### ASSIGNED TASK
Some of the lines below need repeating. Reproduce exactly those between the lines holding "El exministro del" and "Arthritis Compression Gloves", inclusive.

### RECORDS PROVIDED
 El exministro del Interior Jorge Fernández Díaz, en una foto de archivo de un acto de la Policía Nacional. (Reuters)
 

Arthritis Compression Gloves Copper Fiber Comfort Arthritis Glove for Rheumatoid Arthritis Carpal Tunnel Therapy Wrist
* * *
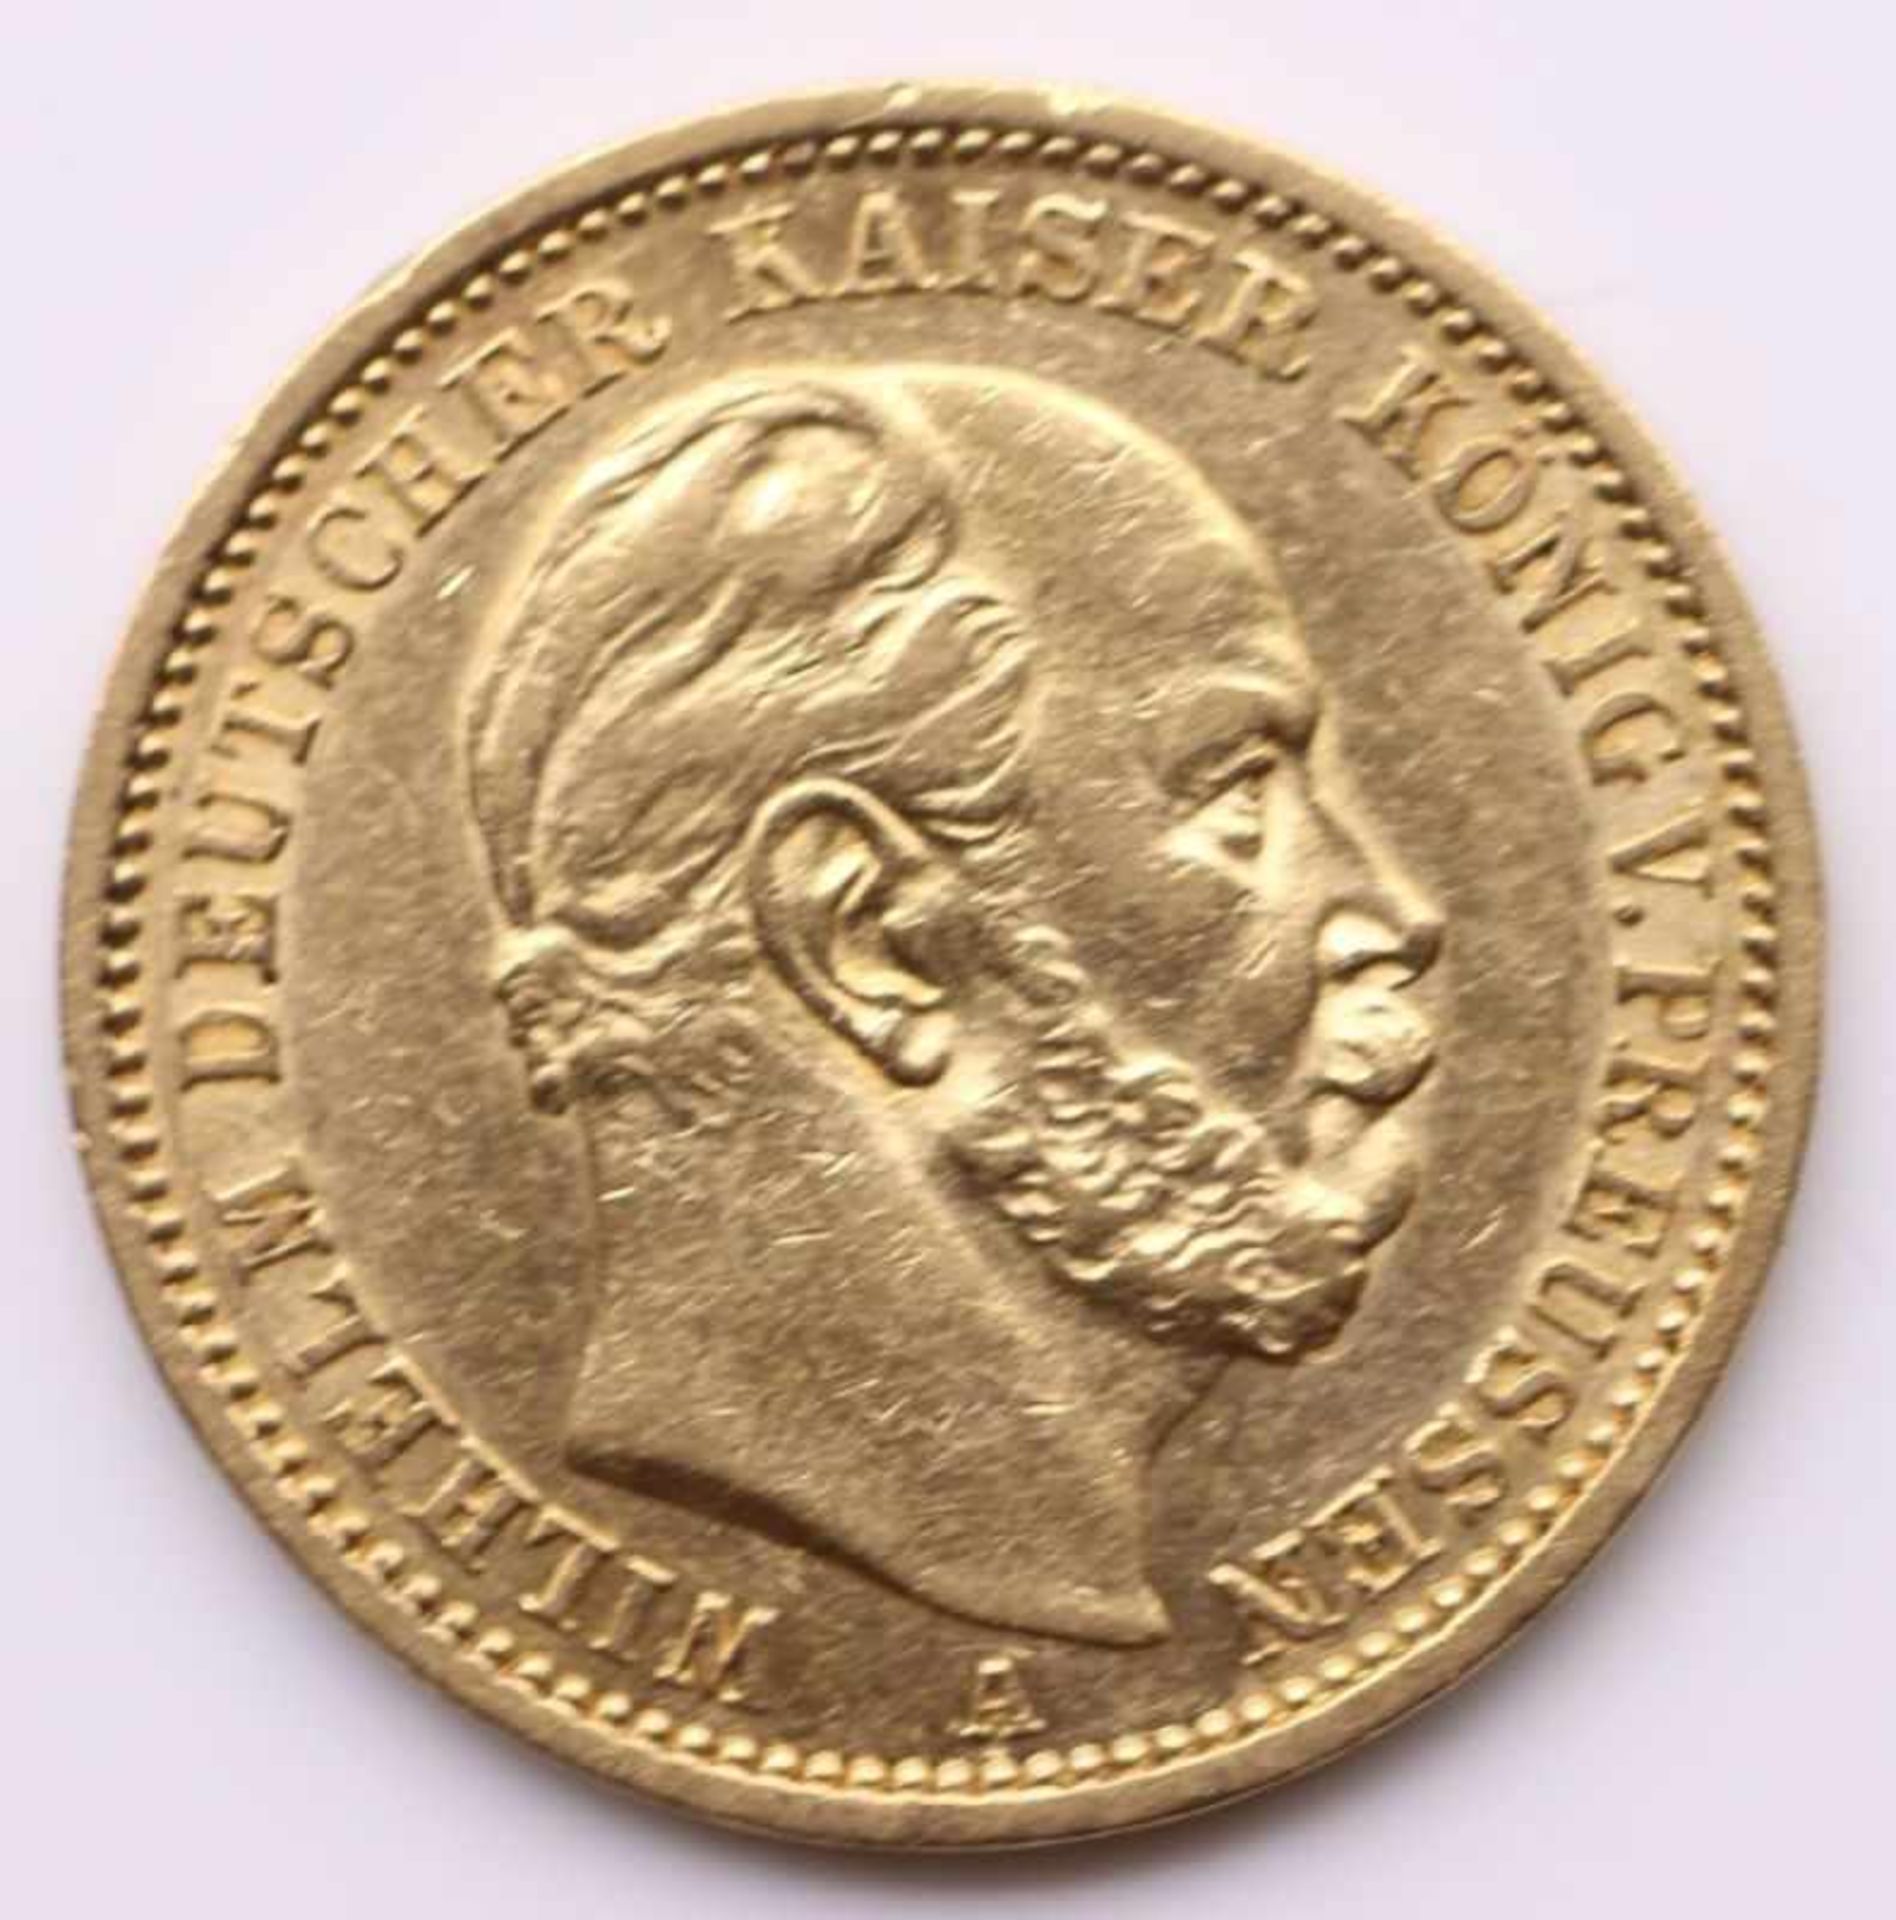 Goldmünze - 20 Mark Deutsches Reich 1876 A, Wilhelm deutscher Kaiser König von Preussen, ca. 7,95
---
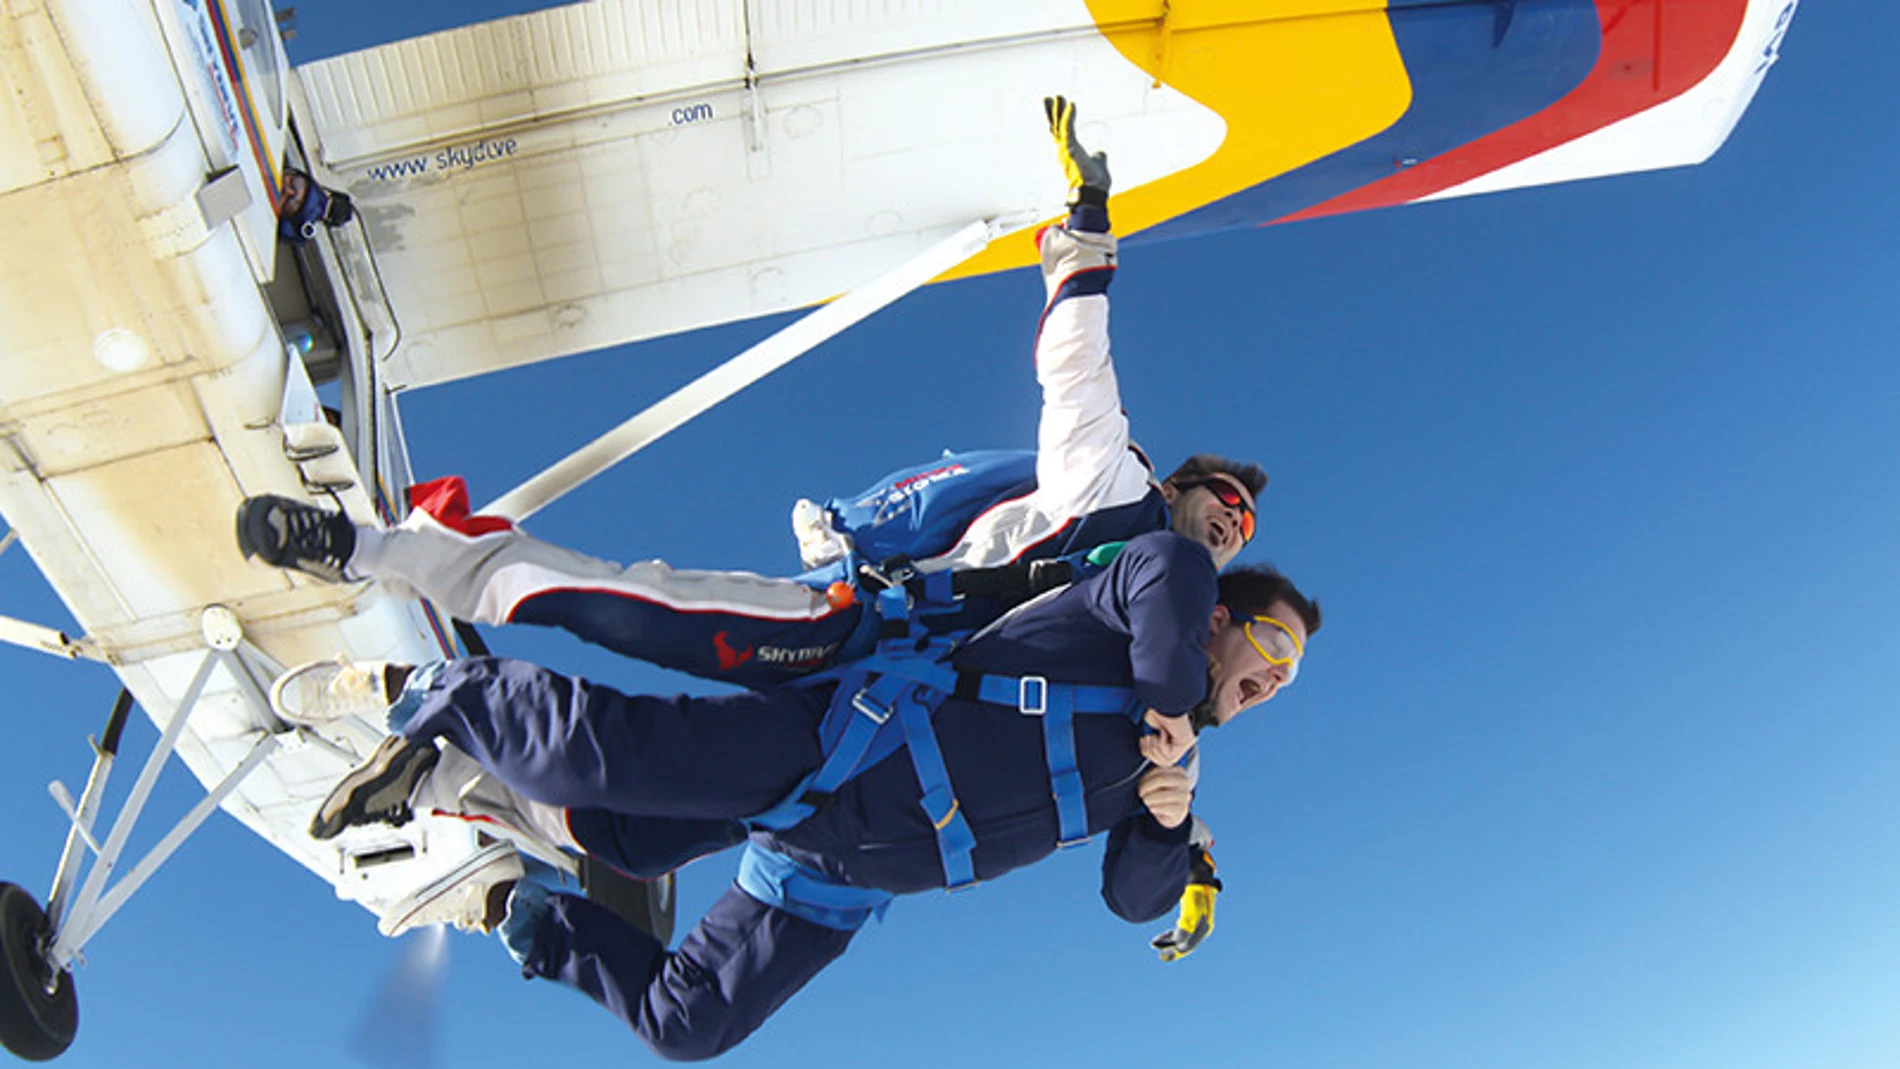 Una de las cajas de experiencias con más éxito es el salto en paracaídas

### RESPONSE
 El exministro del Interior Jorge Fernández Díaz, en una foto de archivo de un acto de la Policía Nacional. (Reuters)
 

Arthritis Compression Gloves Copper Fiber Comfort Arthritis Glove for Rheumatoid Arthritis Carpal Tunnel Therapy Wrist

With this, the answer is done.